Après tant d’autres affaires plus ou moins médiatisées, le cauchemar n’était donc pas fini.

Il continuait, s’amplifiait et touchait de nouveaux collègues ?

Un rapide coup d’œil aux réseaux sociaux allait m’en donner une preuve instantanée, comme le retour d’un mauvais rêve : rumeurs, extrapolations, mise sur le même plan de la version de l’élève et du proviseur, y compris par des députés irresponsables prêts à accuser sur la place publique un proviseur d’avoir violenté une élève parce qu’elle portait un voile ! Cf. la publication sur X (ex-Twitter) de la députée Danielle Simonnet (groupe LFI) : « Si le proviseur du lycée Ravel a été menacé de mort sur les réseaux, les auteurs doivent être poursuivis. Aussi, une enquête doit être engagée. Le proviseur a t-il frappé l’élève ? Le respect du non port du voile ne justifie aucune violence physique. »
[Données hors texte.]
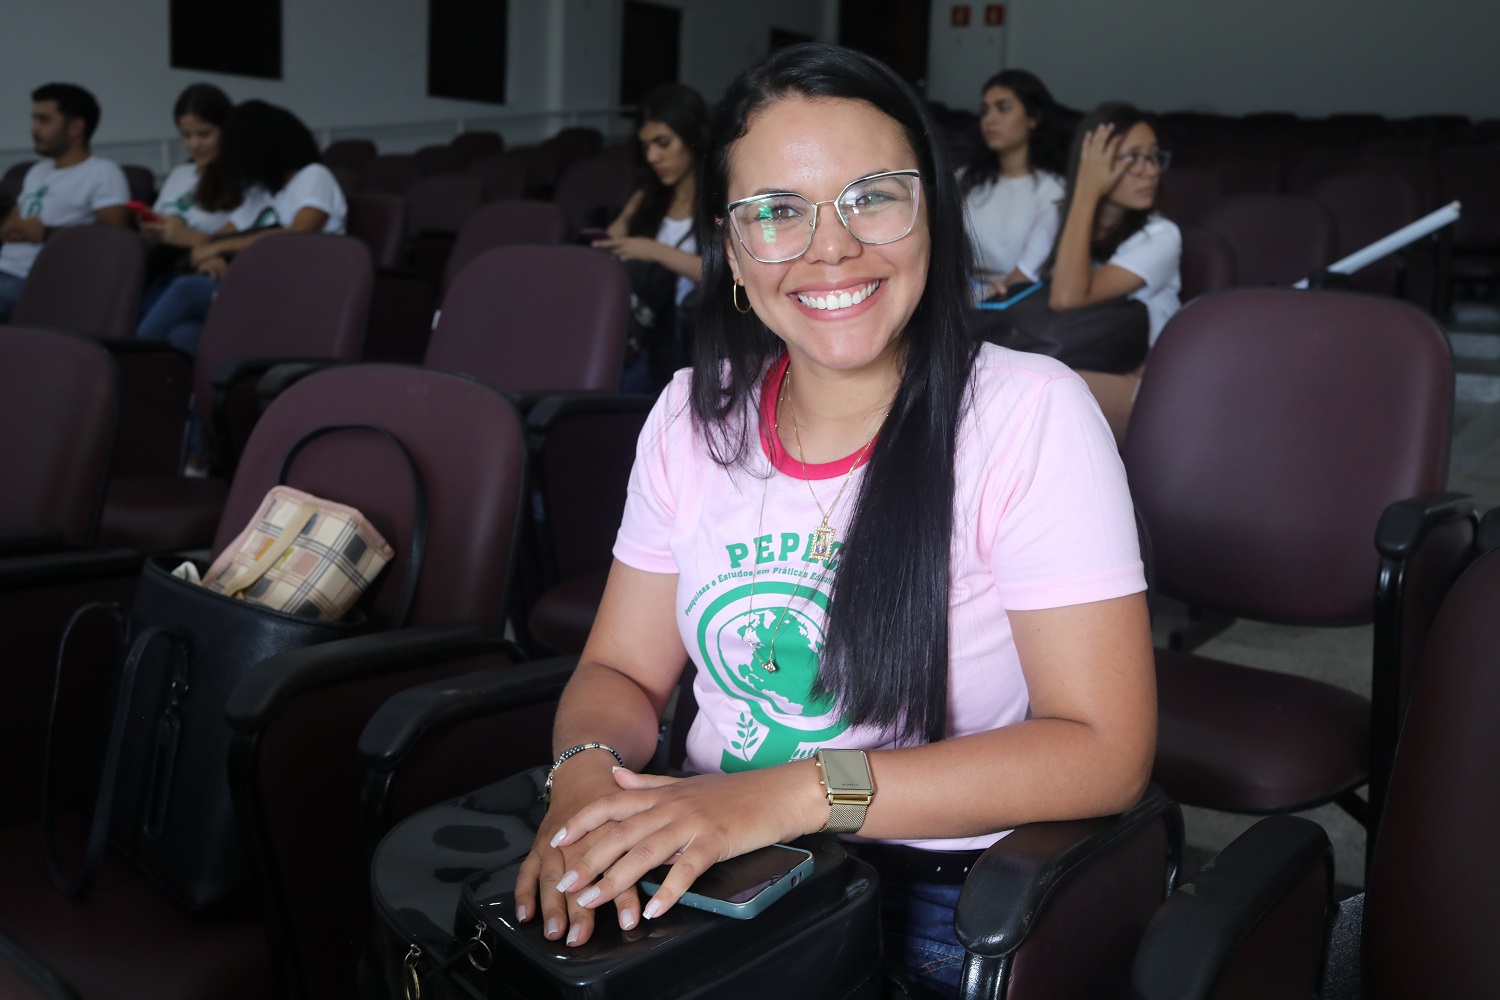  Laudemila dos Santos é aluna de Pedagogia do Campus de Itabaiana. (foto: Adilson Andrade/Ascom UFS)

Comment de tels amalgames peuvent encore être effectués et de telles accusations jetées sur la place publique après le terrible bilan et les lourds antécédents qui ont frappé les personnels de l’Éducation nationale ces dernières années ? Amalgames et raccourcis insupportables aussi bien de la part d’anonymes courageux que de personnalités médiatiques ou d’élus de la République ! Quelle irresponsabilité ! Et pourquoi ne pas mettre directement une cible dans le dos de notre collègue proviseur tant qu’on y est ! Envie de vomir….

Inutile de détailler davantage cette sinistre affaire, chacun se renseignera en consultant des sites d’informations sérieux. On rappellera simplement que, fait heureux et nouveau, la ministre de l’Éducation nationale, Nicole Belloubet, a très vite réagi en soutenant immédiatement le proviseur du lycée Ravel. Nous sommes assez souvent critiques envers le ministère pour se dire qu’il a vraisemblablement pris la peine, en amont, de se renseigner sur les faits avant de s’exprimer.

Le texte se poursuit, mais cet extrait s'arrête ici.